Aave DIVA Wrapper

Summary

As explained by the creator of the protocol, it can be used for `all kinds of conditional agreements P2P`. Meaning it can be used for every time/price based bets , let's say for example the price of Bitcoin. The users make their predictions and according to the price of Bitcoin they can win their bet. Let's say Alice and Bob make a wager for the price of Bitcoin in USDC(or other token with smaller pool).

Alice bets that it will hit 200k by the end of January. Now let's assume that it's 31st of January and the price hits 200k. The markets are hot, everyone is making money. Alice decides to cash her winning, Alice tries to withdraw her prize by calling _redeemPositionToken. Which calls __redeemTokenPrivate that makes the withdraw from AAVE. But the operation reverts. Why is that? You see in cases of 100% utilization (supply ~= debt), withdrawal operation can revert. This can happen by itself (and has happened in the past during some periods) or be intentionally forced by anyone by temporarily taking out all available AAVE funds as a debt, and then later repaying it to DOS certain operations.

Vulnerability Details

As explained in the Summary when utilization for a pool in AAVE is at 100% , withdraw function will revert. This will cause users to not be able to withdraw collaterals, the redeemWTokenPrivatefunction will revert. This function is used by both redeemPositionTokenand _removeLiquidity. Meaning they will both revert and cause the user to not be able to remove liquidity as well. So again pre conditions will be something like this:

1. Alice and Bob make a wager for the price of Bitcoin to hit 200k at the end of January

2. Price hits 200k by 31st of January.

3. Alice decides to withdraw her prize.

4. Since markets are hots and people are taking loans(or Bob is a malicious user that takes a big loan so that Alice cannot withdraw), Alice cannot withdraw due to 100% utilization.

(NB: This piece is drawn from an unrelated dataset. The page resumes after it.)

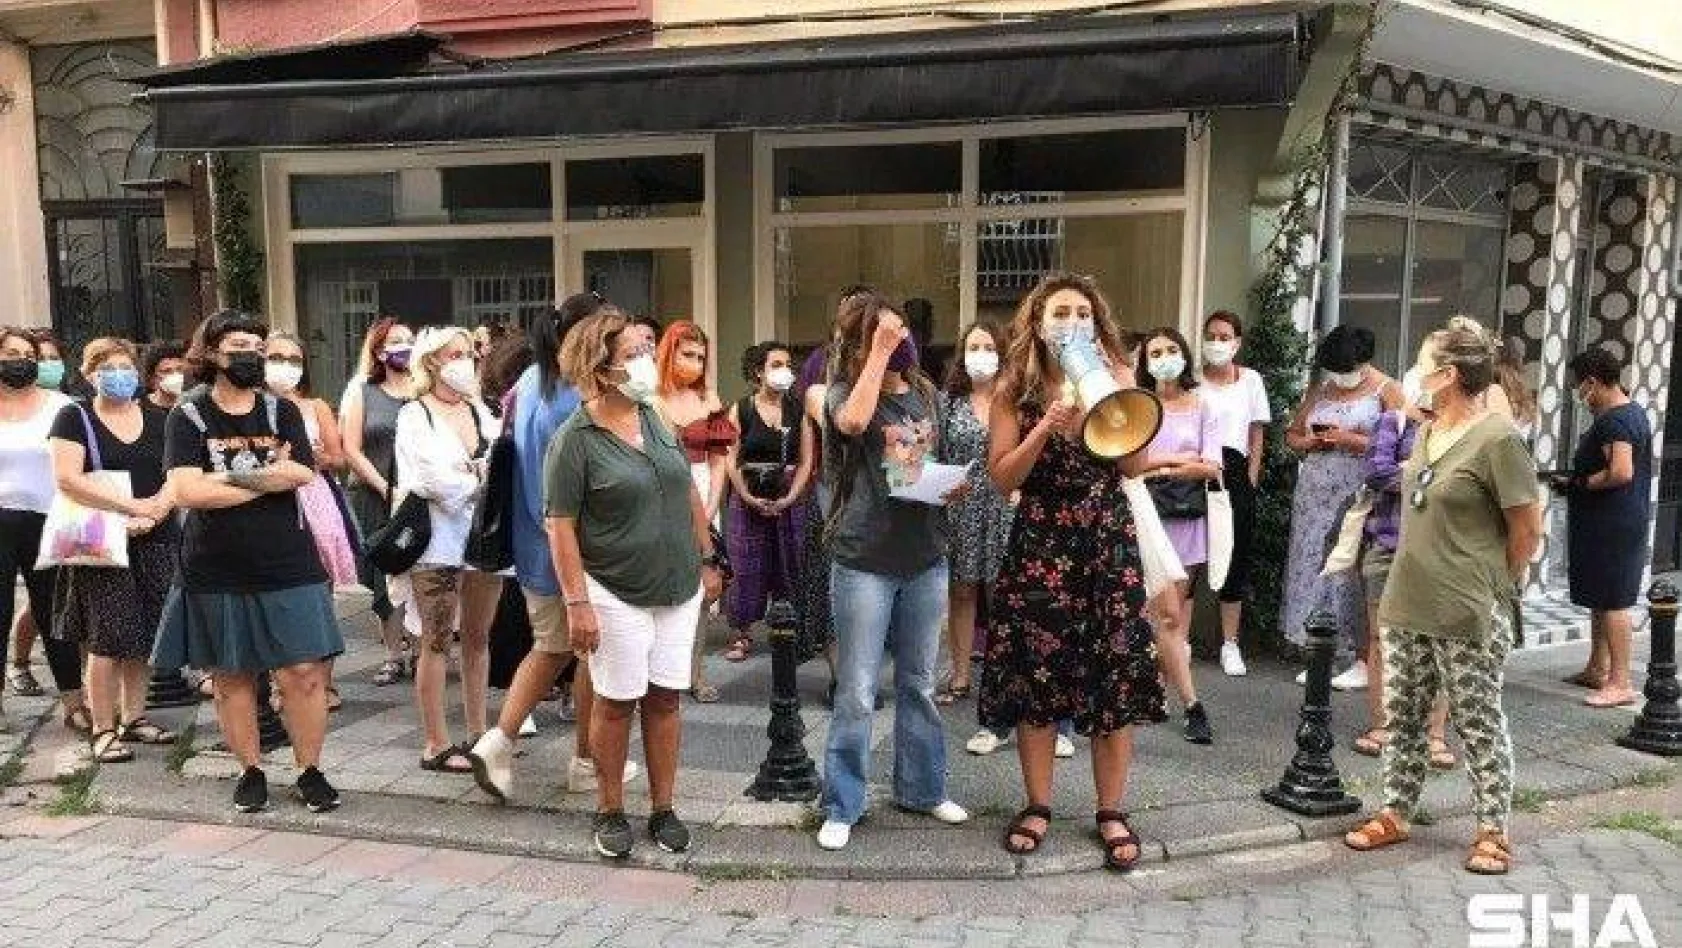 Kadıköy'de 17 yaşında kız çocuğuna iğrenç tacize kadınlardan protesto

5. Time passes and now it's 1st of February.

6. Bob wins and takes out the prize and leaves Alice with no collateral.

Impact

Alice will not be able to withdraw her prize, time will pass and her bet will now be off, or price of Bitcoin will go under 200k so Bob can now withdraw his bet. Leaving Alice with no prize and even loosing the bet and the collateral she has provided for the bet.

Tools Used

Manual review

Simillar issue confirmed by sponsors:

https://github.com/sherlock-audit/2024-08-perennial-v2-update-3-judging/issues/16

Recommendations

It's hard to do anything it this situation about AAVE , but the amount to be withdrawn by the winner can be stored in a separate mapping , and to have a separate function when the user can withdraw any money he has in a later time.